The spelling, pronouncing, and etymology of the word “ciénaga” is a complex account beyond the scope of this writing. Suffice it to say the word is derivative of the Spanish term for “silt,” (cieno) properly spelled with either a second “e” or an “a,” the former more common but a lesser choice. Ciénaga also requires a tilde (é), although it’s commonly omitted.
Ciénagas are desert marshes, alkaline, freshwater, spongy, wet meadows with shallow-gradient, permanently saturated soils in otherwise arid landscapes. These unique arid-land wetlands are commonly associated with seeps or springs, found in canyon headwaters or along margins of streams. Ciénagas often occur because bio morphology forces water to the surface, over large areas, not merely through a single pool or channel. In a healthy ciénaga, water slowly migrates through long, wide-scale mats of thick, sponge-like wetland sod. Before Spanish arrival, ciénagas often occupied the entire widths of valley bottoms, a description that explains historic, pre-damaged ciénagas, few of which can be described that way today. The blue-lined photograph illustrates where the portion of the Burro Ciénaga on the Pitchfork Ranch south of Silver City, New Mexico flowed before it was damaged.
Ciénaga soils are squishy, permanently saturated, highly organic, silty, black in color, anaerobic. Highly adapted sedges, rushes and reeds are the dominant plants, with succession plants—Gooding’s willow, Fremont cottonwoods and scattered Arizona walnuts—found on drier margins, down-valley in healthy ciénagas where water goes underground or along the banks of incised ciénagas. Although trees drown in historic ciénagas—that’s why “swamp” is a common miss-description, because swamps have trees—these woody plants now occupy many damaged or drained ciénagas. The earlier photograph just above is the willow-lined Pitchfork’s ciénaga, after removal of cattle.

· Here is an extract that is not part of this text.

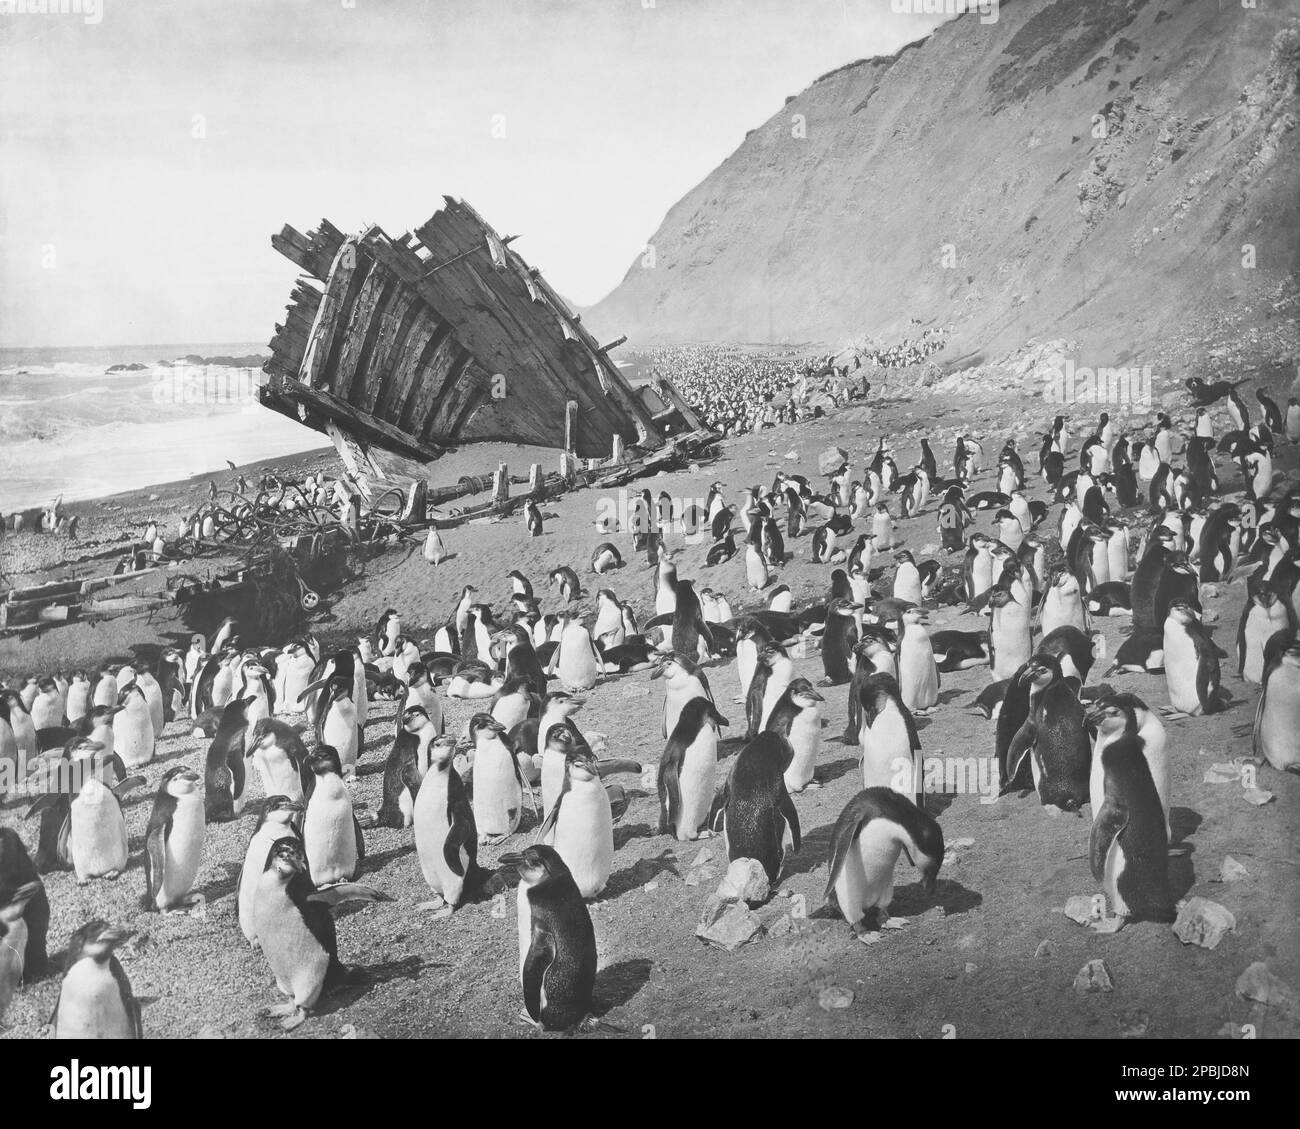 Les pingouins d'Adelie se rassemblent à l'épave de la goélette gratitude qui s'est échoué sur l'île Macquarie en 1898. Banque D'Images

Undamaged ciénagas, essentially nonexistent today, were characterized by a slow-moving, broad flow through extensive emergent vegetation as just described. But today, the ongoing region-wide erosion that followed the arrival of Europeans in the American Southwest and the subsequent misuse of the land by settlers firmly entrenched water flow between vertical walls, resulting in an ever-worsening incision process. This drawdown of local water tables and the drying of up to 95% of these marshland environments has left behind few undamaged ciénagas. As shown here, many that remain today look and function like the Pitchfork’s ciénaga, similar to a creek: narrow, incised and continuing to degrade. Since the 1870s, natural wetlands in arid and semi-arid desert grasslands of the American Southwest and Northern Mexico have largely disappeared.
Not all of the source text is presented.